(Aristotle has awakened Socrates, who thought he had been dispatched with hemlock. Aristotle is having a vision of the far-future.) See Part 1 HERE

SOCRATES: Let us go on with this vision of yours. What is that collective of nations now doing to our Greece?

ARISTOTLE: They all are meeting at some place called, Paris. They are upset because Greece showed up without written notes.

SOCRATES: How embarrassing -- we developed the art of writing, for Pete's sake!

ARISTOTLE: Our numbering system could use a bit of tweaking. Those damned Romans will not provide much of an improvement.

SOCRATES: But now, what is it that this group wants our Greece to do?

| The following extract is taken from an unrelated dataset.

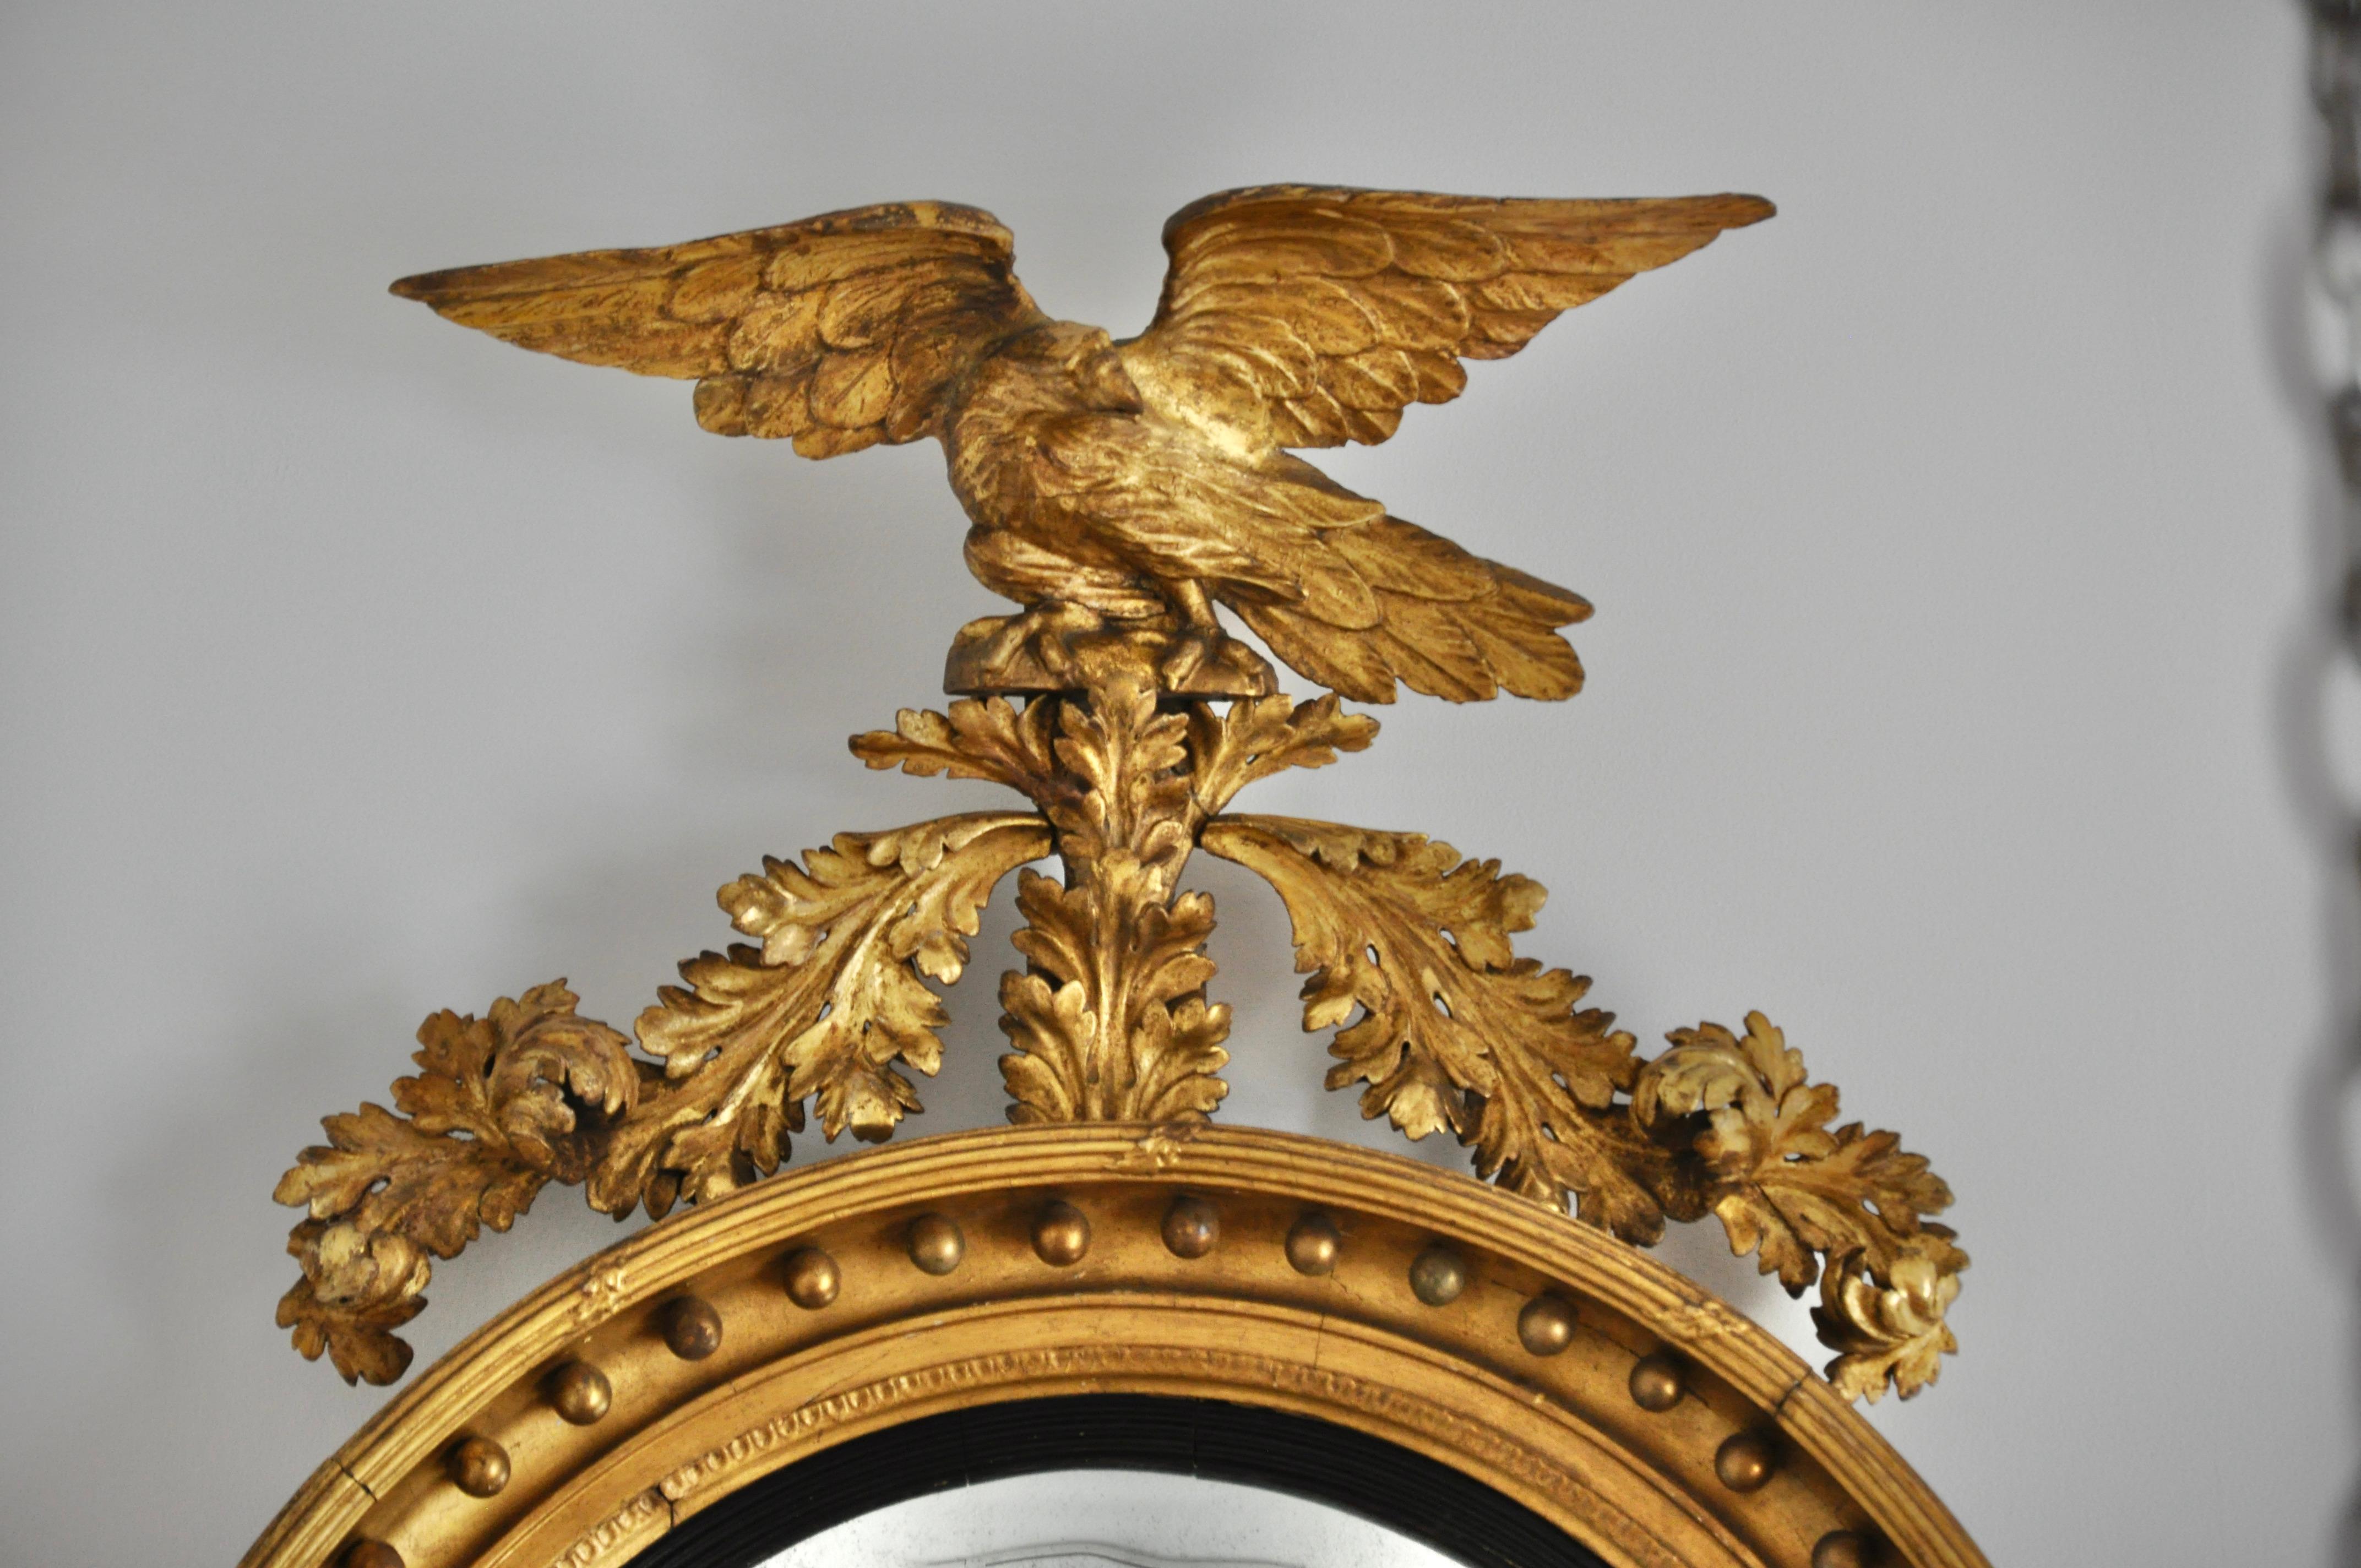 Large scale convex mirror with eagle. Of grand nature in original as found gilding. Though is very difficult to determine in these mirrors are English or American, this particular mirror most definitely has American Federal sensibility.

Note: The

ARISTOTLE: It all has to do with the bartering system they use. Apparently, for the sake of convenience, they have developed a symbolic substitute for the value of goods or services to be exchanged. It is this substitute that our Greeks seem to be misusing.

SOCRATES: Misusing? We Greeks? How is this? Why, we are paragons of propriety!

ARISTOTLE: Be that as it may, it appears things have changed. They are charging our Greeks with all sorts of excesses – even slothfulness.

SOCRATES: Blasphemy! Why, we developed the supremacy of relaxation and contemplation over physical exertion!

ARISTOTLE: That is the problem. It seems the others in the collective do not go along with our Greek thinking in that regard.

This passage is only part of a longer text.